→ **DATASET EXTRACT**

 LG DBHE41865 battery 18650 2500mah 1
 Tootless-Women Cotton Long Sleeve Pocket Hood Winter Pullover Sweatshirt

* * *

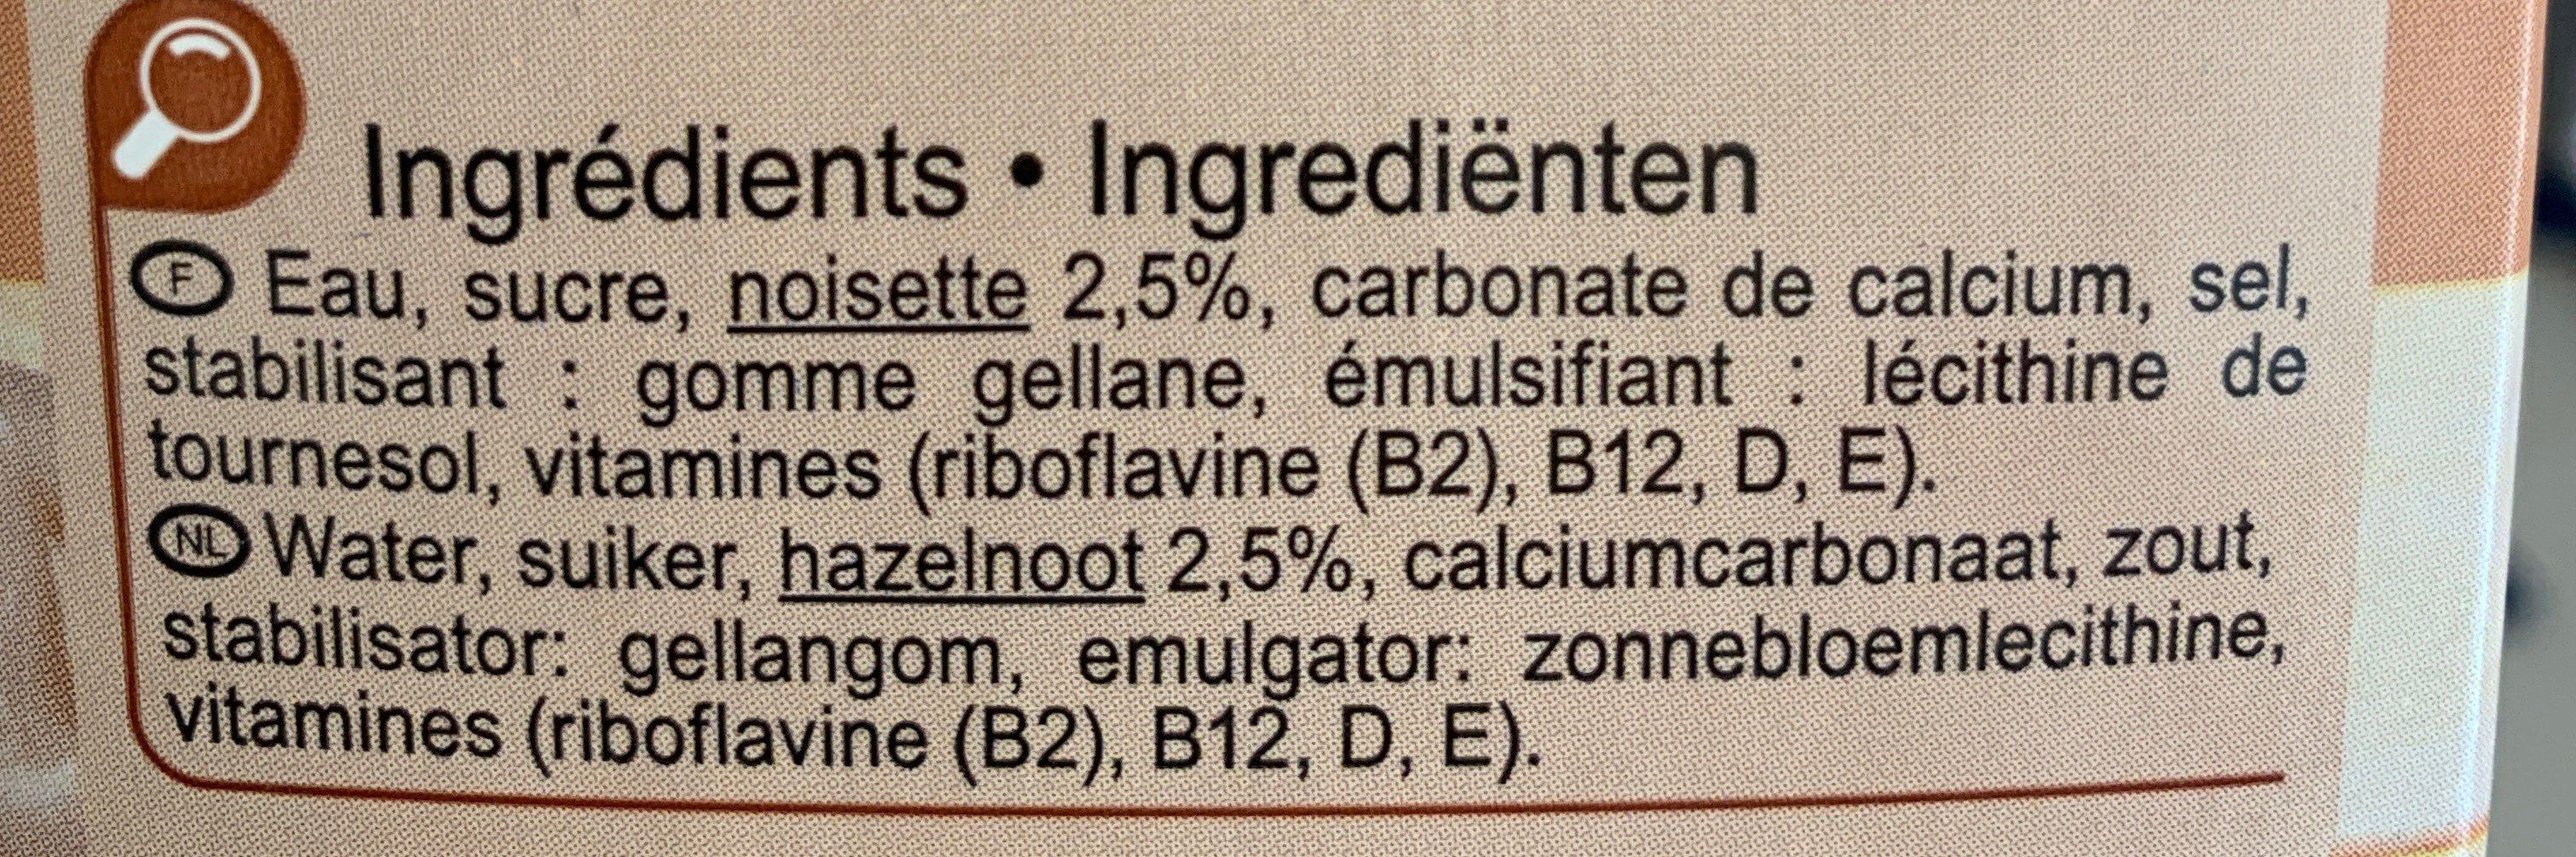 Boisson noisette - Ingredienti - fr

→ **PROBLEM**
Would you please write out, exactly and with no other lines, the stretch of the listing above from the line containing "LG DBHE41865 battery 18650 2500mah 1" through the line containing "Tootless-Women Cotton Long"?

→ **REPLY**
 LG DBHE41865 battery 18650 2500mah 1
 Tootless-Women Cotton Long Sleeve Pocket Hood Winter Pullover Sweatshirt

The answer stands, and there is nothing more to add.